Gunther looked up at the big screen. He frowned. What is that? Does anyone else see this? For a moment, a red enemy appeared in space as if out of nowhere. Then a laser from Iceland destroyed the object.
“Strange,” the admiral said.
With a twist of his head, Gunther saw that the admiral watched the same thing he had.
“What is that?” the admiral asked.
“Sir,” a major asked.
“That,” the admiral said, pointing. “What is that? Where did it come from?”
Gunther’s head swayed back. He noticed something new: a streak on the big screen. It was purple, not red.

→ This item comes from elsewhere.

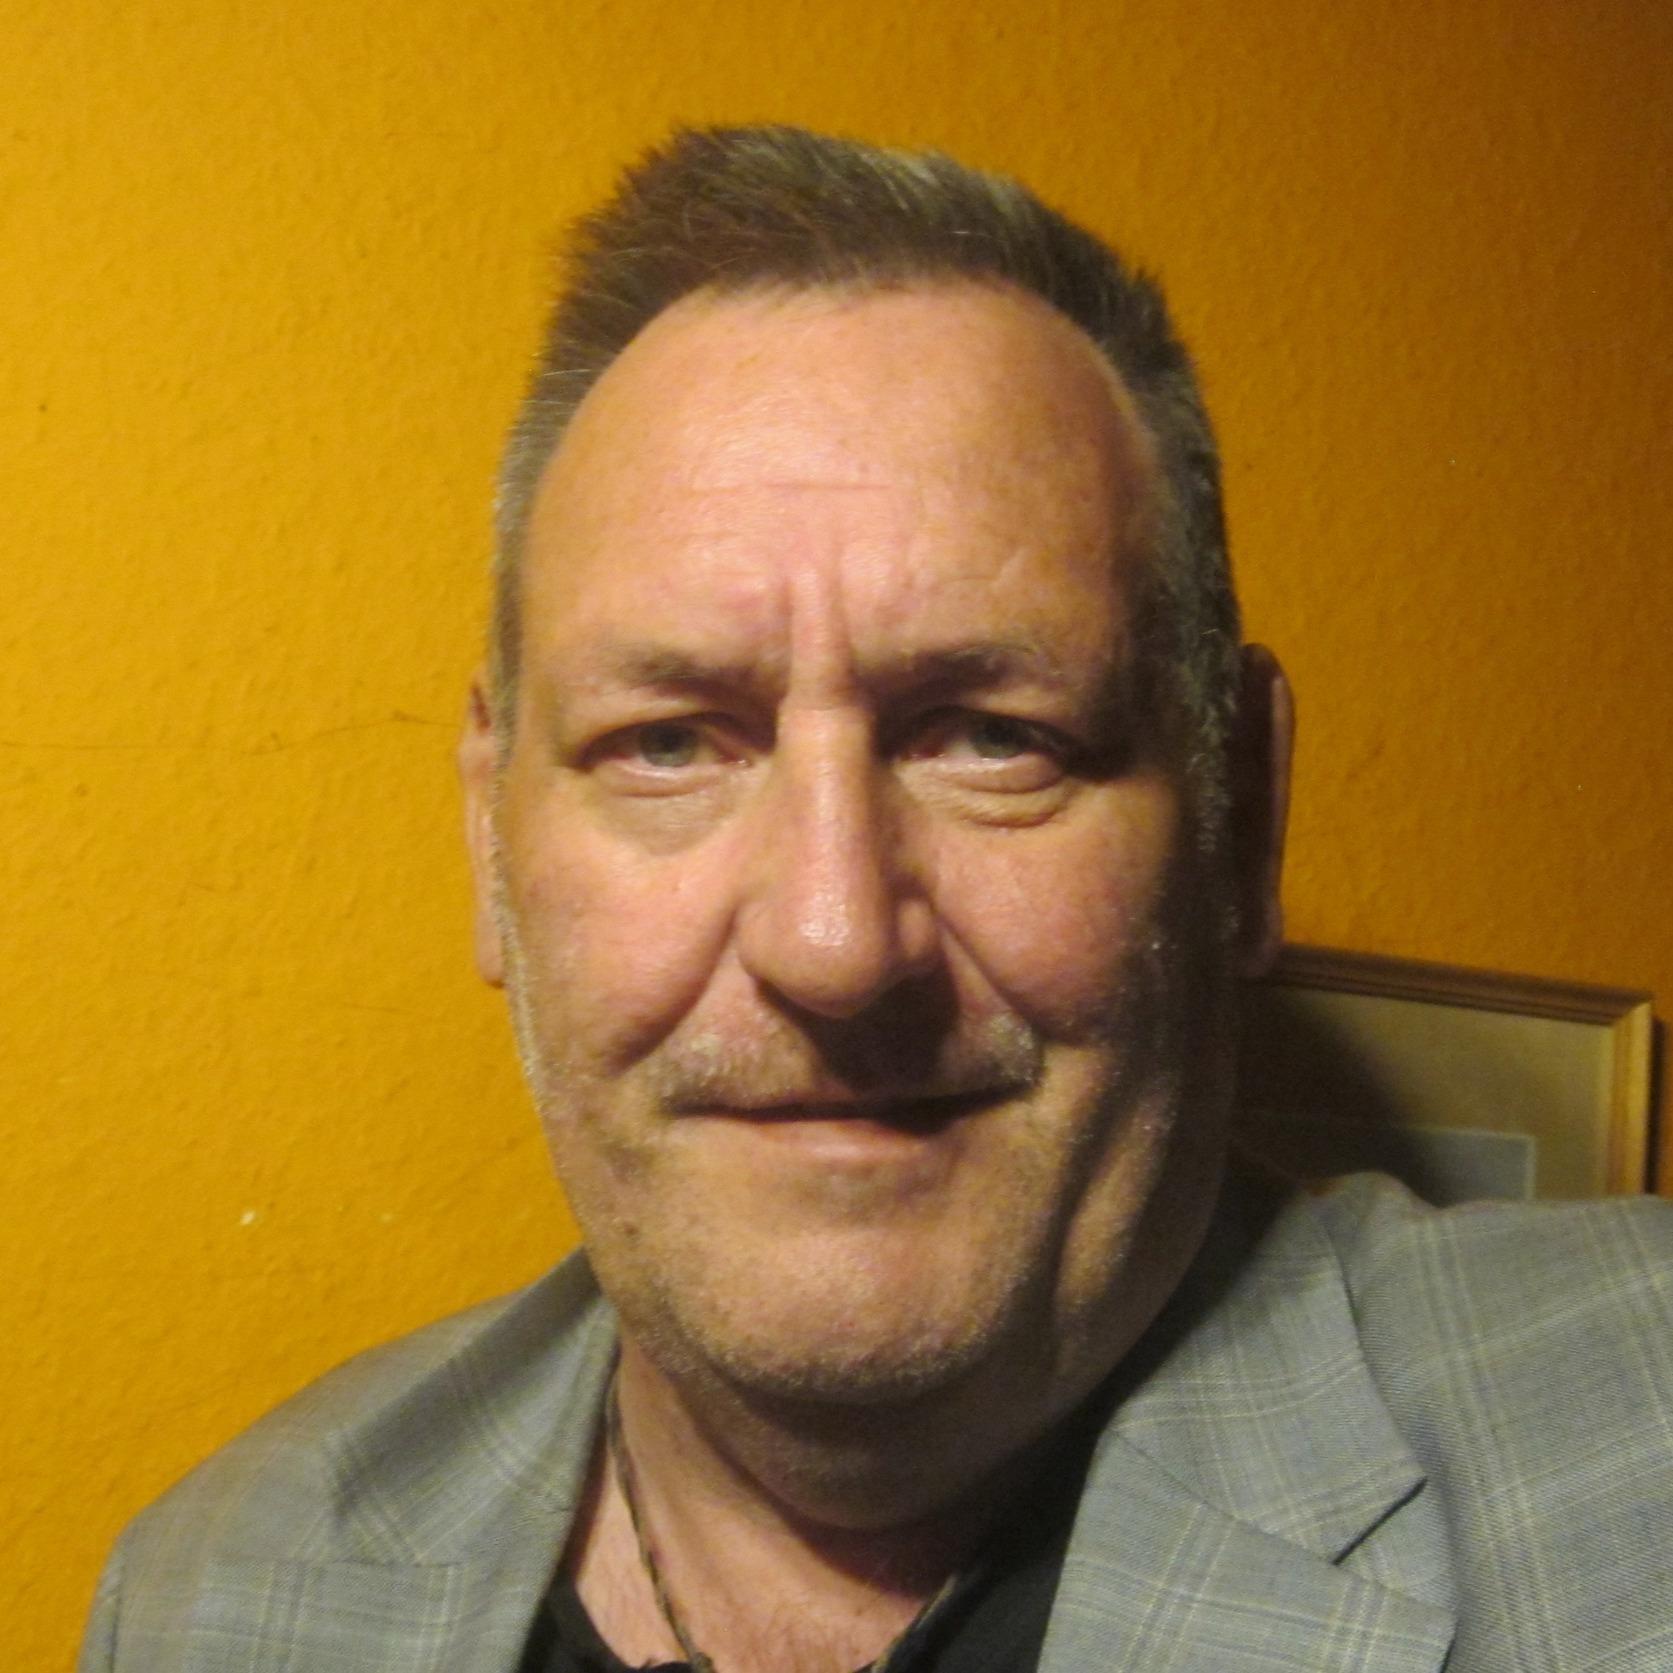 Detlef Sven Birr

Purple meant the computer hadn’t registered the thing as dangerous, but as an unknown object, as possibly threating.
“Look,” the admiral said. “There’s another one.”
General Kaltenbrunner swore in a harsh voice.

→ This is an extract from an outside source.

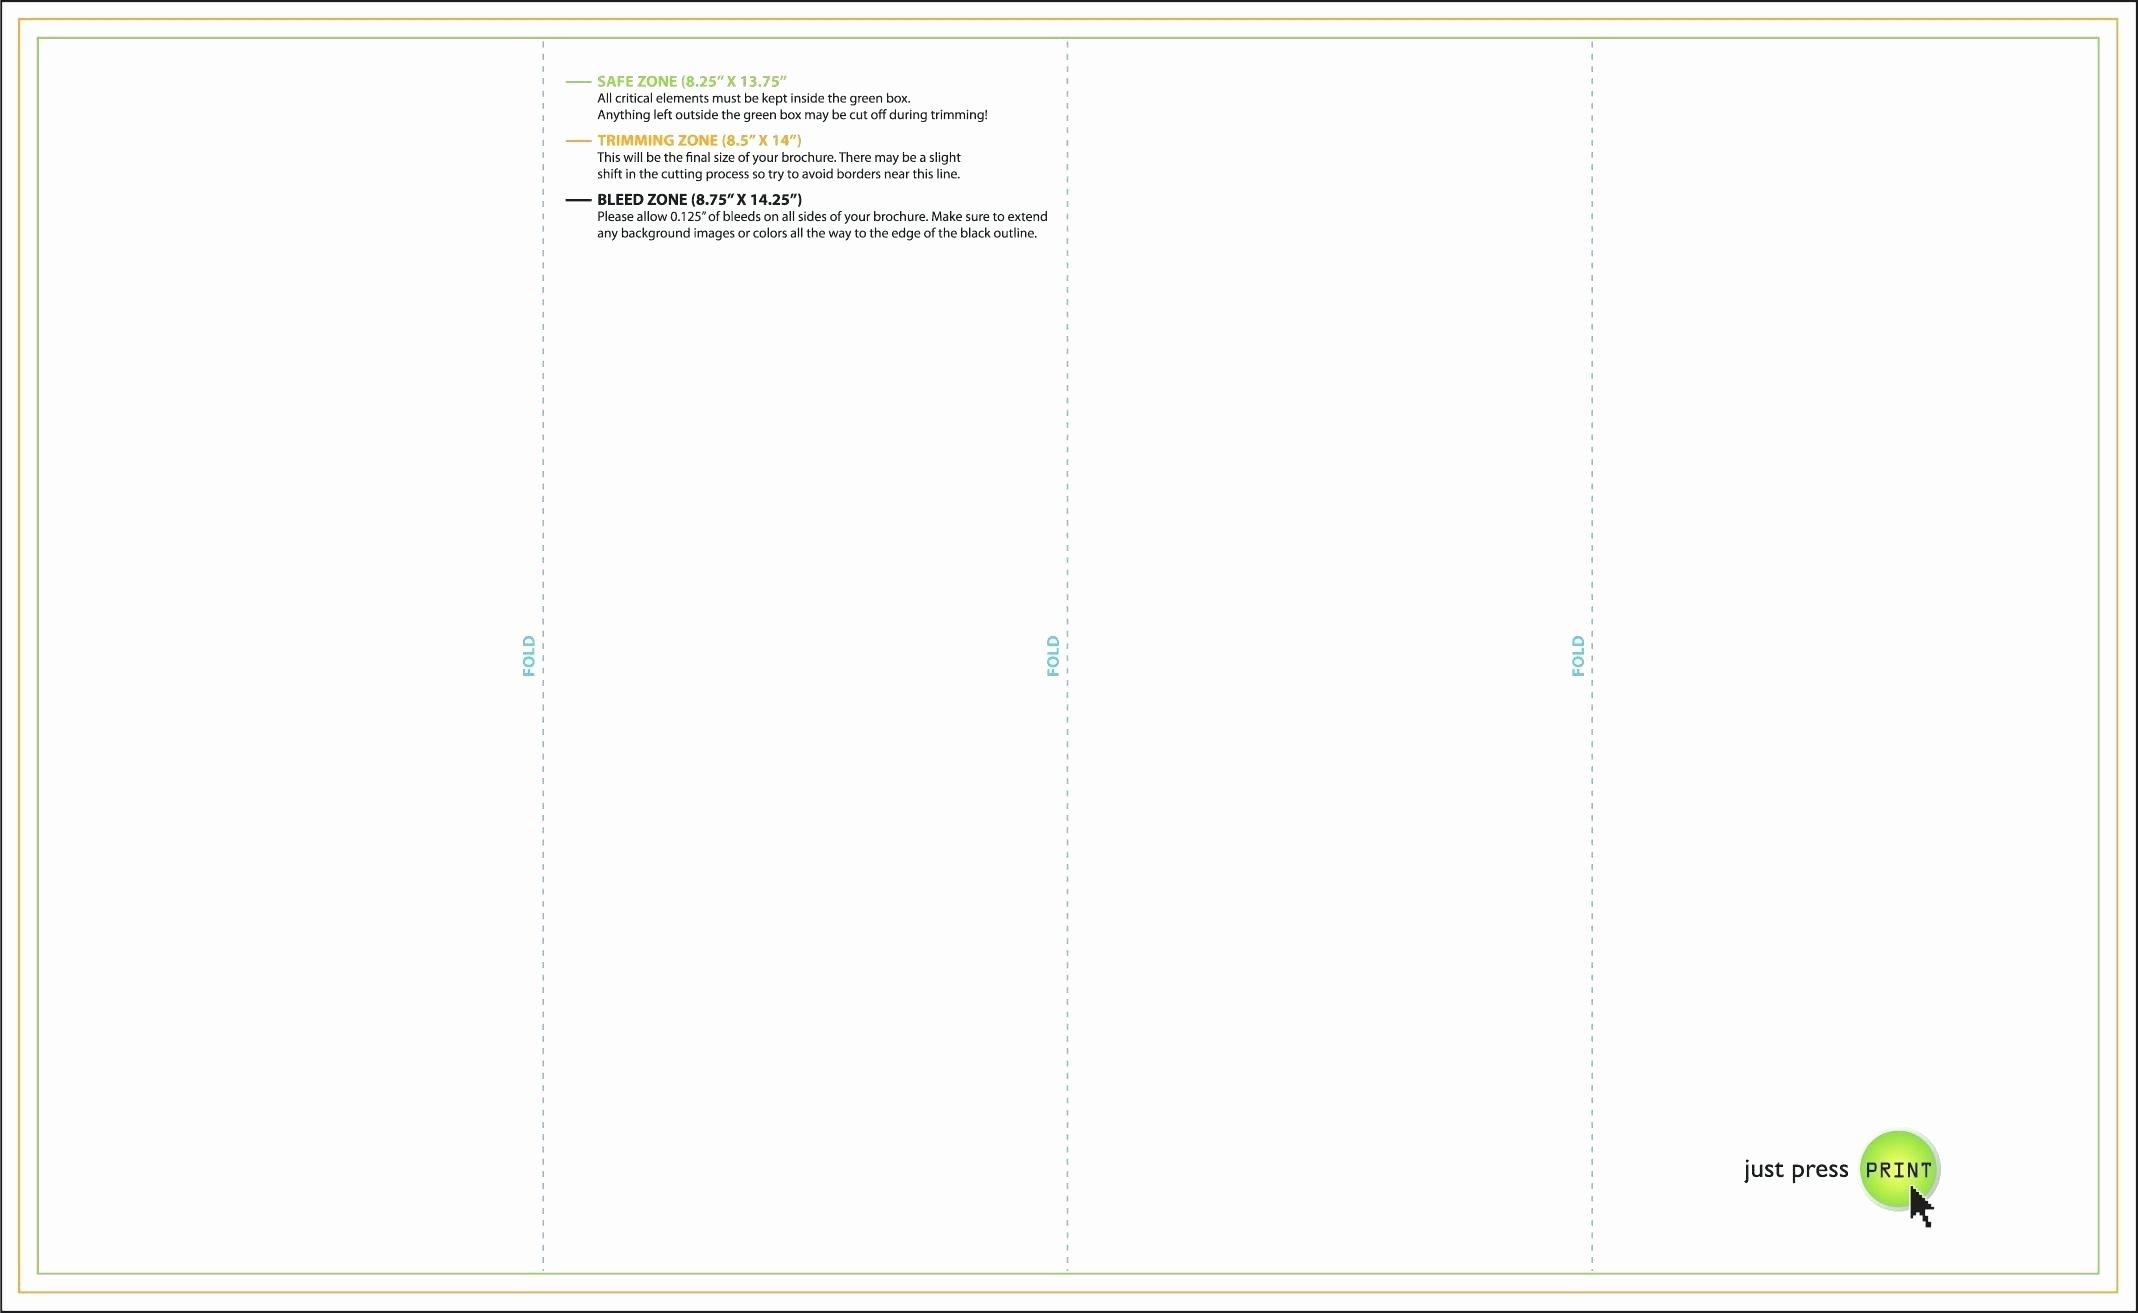 Google Doc Newsletter Template Beautiful Special S Newsletter Template Google Docs

Gunther sat back in his seat, startled and suddenly uneasy. A blizzard of purple objects appeared on
the big screen. His mouth dried out, and he glanced around. Didn’t anyone have any idea what those streaks represented?
LOW EARTH ORBIT
A twenty-pound tungsten THOR missile—one of fifty just like it—began its descent into the atmosphere. At the start of its rapid fall, the missile had an ablative nose tip.
As the rod plunged down through the atmosphere at meteor speeds, heating up by friction, the ablative nose tip wore away until finally it was gone. It had done its job as a mini-heat shield. Instead of a blunt nose or even a rounded one showing, the THOR missile had a sharp point and an arrow-like design. It sliced through the increasingly dense atmosphere, losing only a fraction of its terrific velocity.
Despite the intense heat, the internal guts of the tungsten rod began to work. At two miles above the Atlantic Ocean, the nose cap popped off. That exposed the sensors. They were high-grade and rugged, and this particular missile spotted the GDN Otto von Bismarck supercarrier, its priority-one target. Small flanges at the rear of the rod steered the projectile, adjusting as the supercarrier churned through the sea.
At twenty pounds, the tungsten rod was less than an inch in diameter and four feet long. A luminous trail appeared behind it, as straight as a line.
Traveling at the incredible velocity, the THOR missile neared its target.
GDN BISMARCK
Warrant Officer Gunther Weise’s hands had begun shaking again. Fear boiled in his stomach, and the approaching disaster angered him as terribly unfair.
Gunther had no idea how this wretched turn of events had occurred. By the startled and grim looks on their faces, the admiral and general didn’t know how or why this terrible thing was happening, either.
In some diabolical fashion, the Americans attacked them from space. It was a science fiction assault. The enemy shouldn’t have been able to deploy or use such a weapons system. The German Dominion was superior in every way to the has-been Americans. Once, the US had stridden across the globe, the strongest power on Earth. But that day had long passed. This was a new era. German might had been reborn through the Dominion.